AI pinpoints brain signals linked to recovery from depression: Study
Researchers in the US have come up with a therapy to treat severe depression. The study was done on 10 patients undergoing deep brain stimulation (DBS), a method where electrodes are implanted into the brain to send electric pulses that change neural activity. This treatment used artificial intelligence (AI) to identify brain signals linked to recovery from depression. This signal could be useful to assess whether DBS is working. Notably, the AI-assisted therapy showed an impressive 90% accuracy rate.
The model was trained with images of the participants' brains
The AI model was trained using images of the participants' brains at the beginning and end of the study, enabling it to identify neurological differences that might be missed by the human eye. At present, clinicians depend on patients' self-reported symptoms to gauge depression levels, which can be influenced by external factors and makes it hard to assess the treatment's effectiveness. Therefore, such trained AI models could provide clinicians with a better dataset as opposed to that with self-reporting alone.

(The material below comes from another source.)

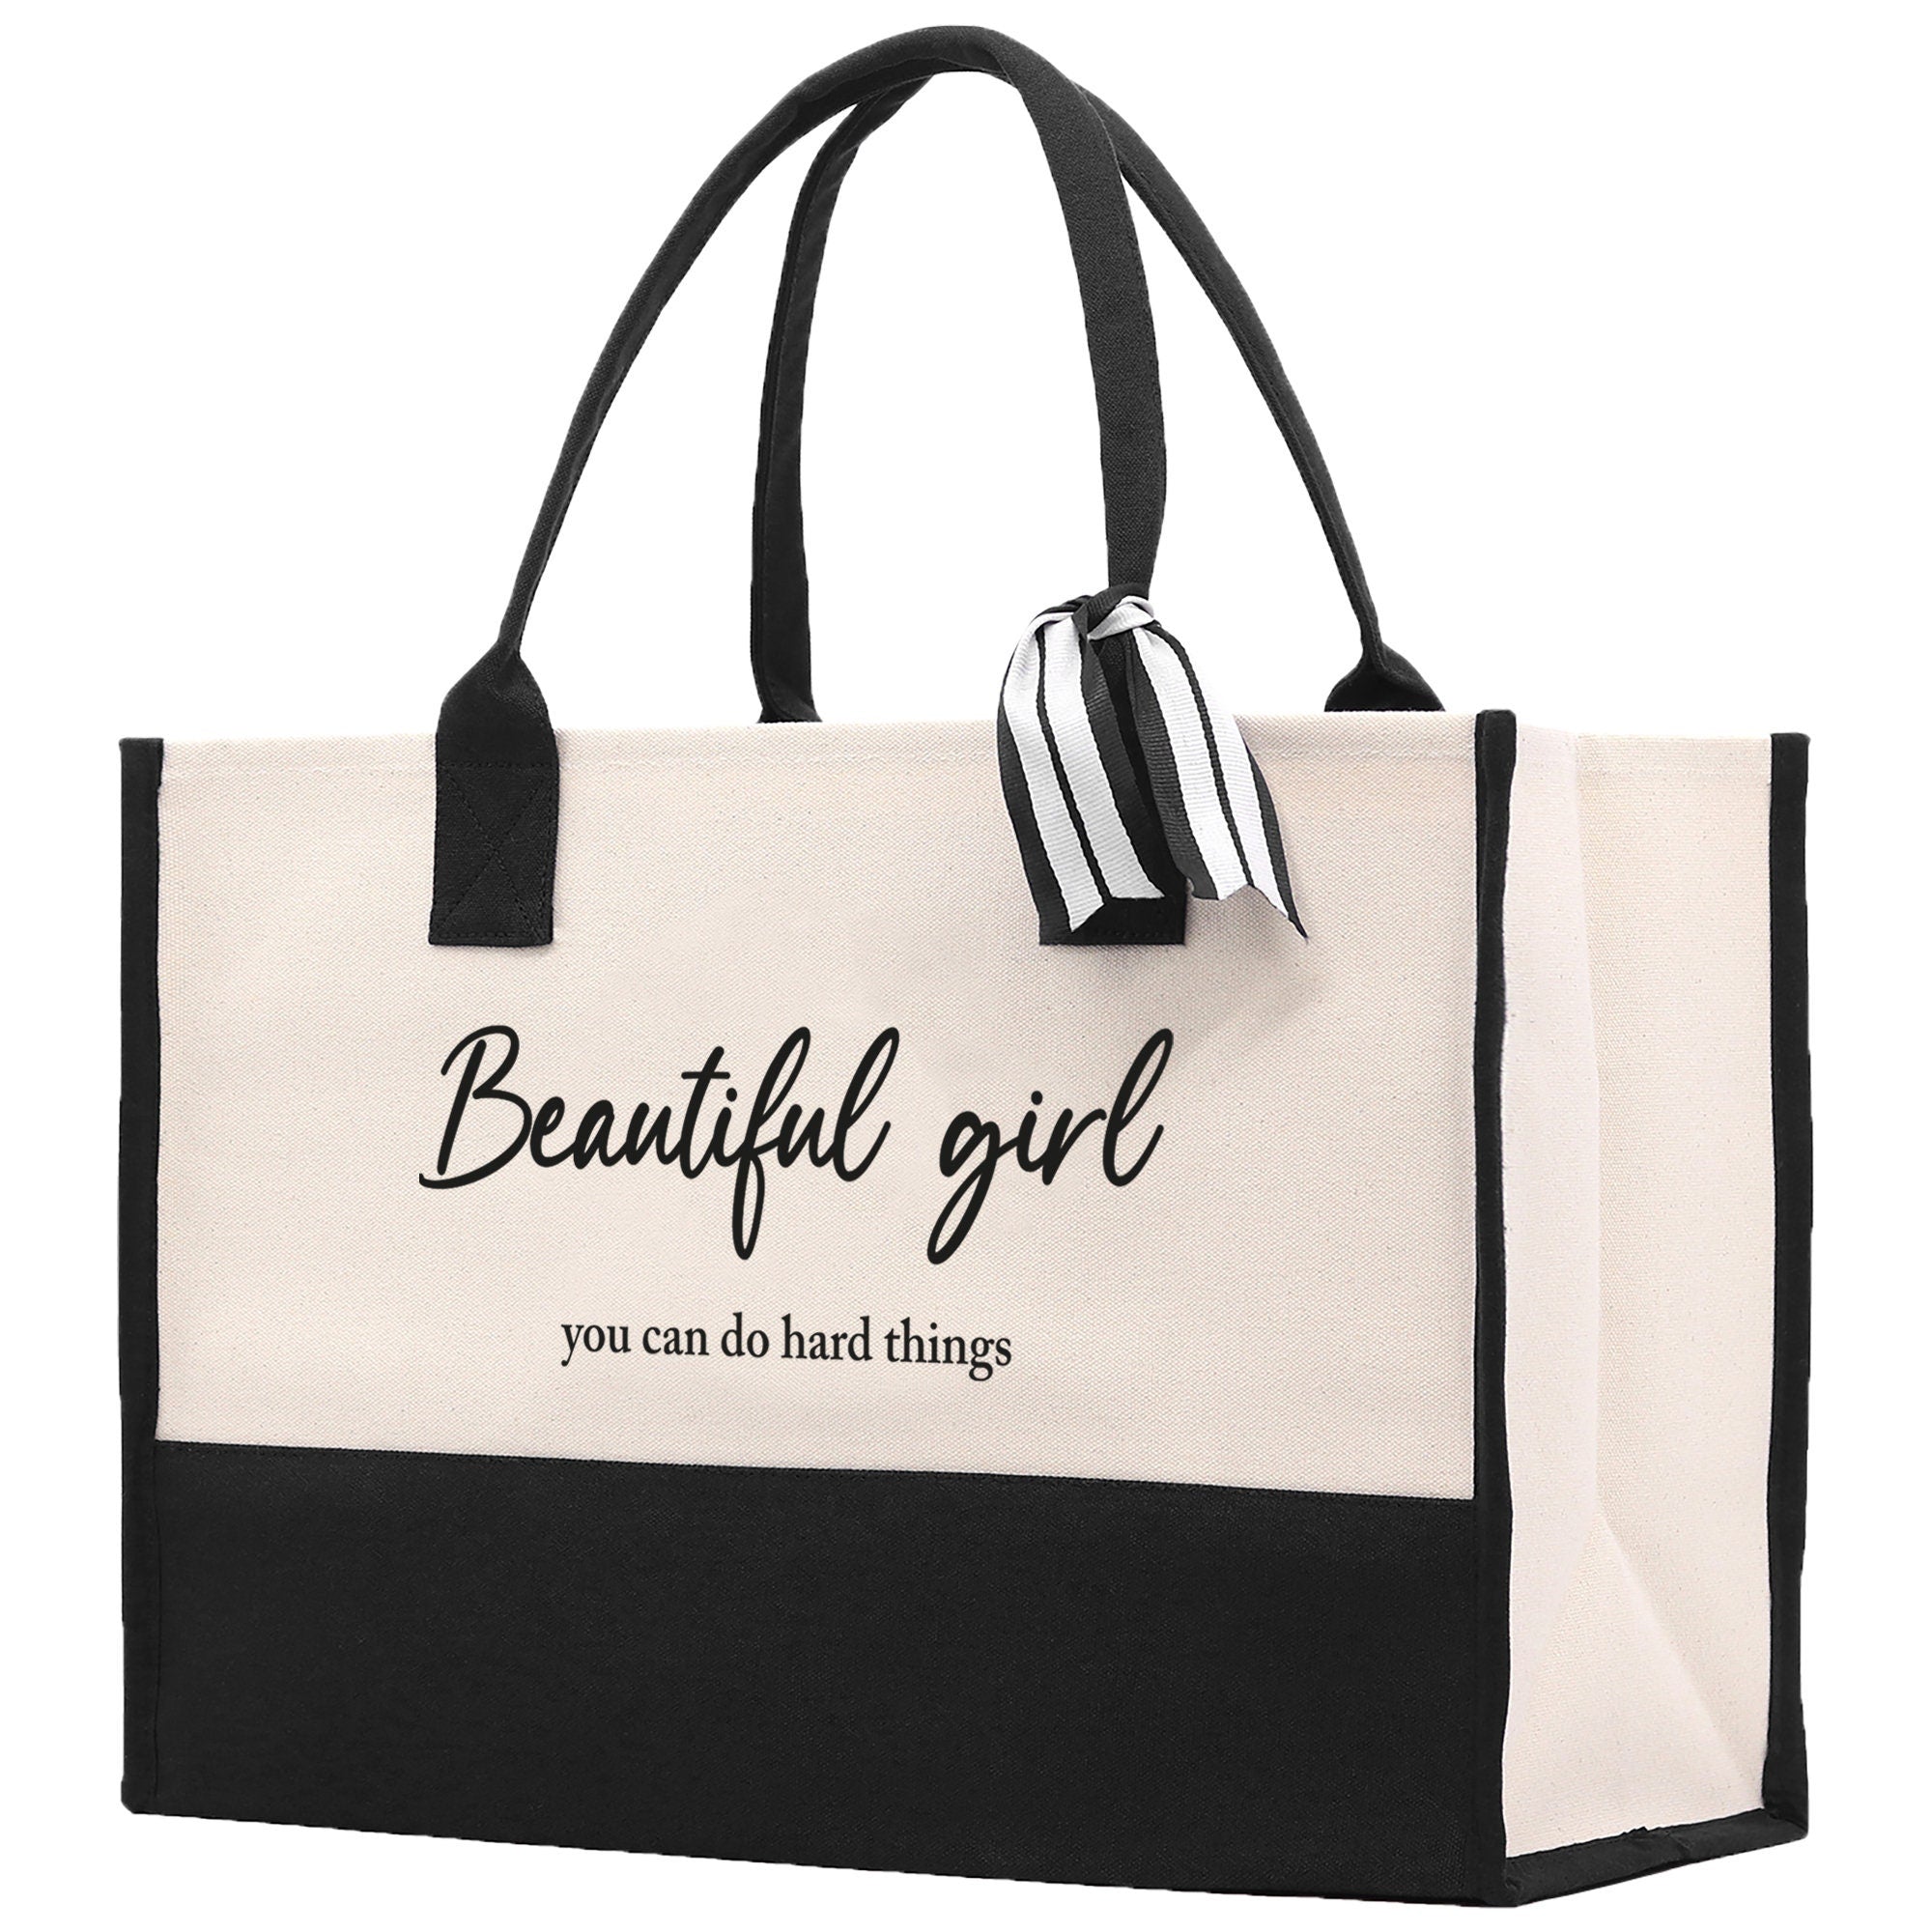 Beautiful Girl You Can Do Hard Things Canvas Tote Bag Birthday Gift for Her Weekender Tote Bag Beach Tote Bag Large Beach Tote Bag Best Gift

Nine of the patients in the study got better
"Nine out of 10 patients in the study got better, providing a perfect opportunity to use a novel technology to track the trajectory of their recovery," said Helen Mayberg, co-author of the study and a neurologist from the Icahn School of Medicine at Mount Sinai. "Our goal is to identify an objective, neurological signal to help clinicians decide when, or when not, to make a DBS adjustment," she added.
Improved treatment outcomes
In one case, the AI model detected a disappearance of the recovery signal a month before a patient relapsed. Thereby this approach makes way for timely invention where the DBS treatment can be adjusted to try and prevent relapse. It could lead to better-tailored treatments for individual patients affected with severe depression and make adjustments to the therapy as needed.
The approach could be game-changing if replicated in larger groups
Although deep brain stimulation requires electrode implants, which may not be acceptable for all patients, the study's findings could have broader implications for depression treatment. If a corresponding brain signal can be measured using less invasive methods, this technology could potentially benefit a wider range of patients. If the approach is replicated in a larger sample, these findings could be a "game-changer in how we would be able to treat depression", said Paul Holtzheimer, neuroscientist from Geisel School of Medicine.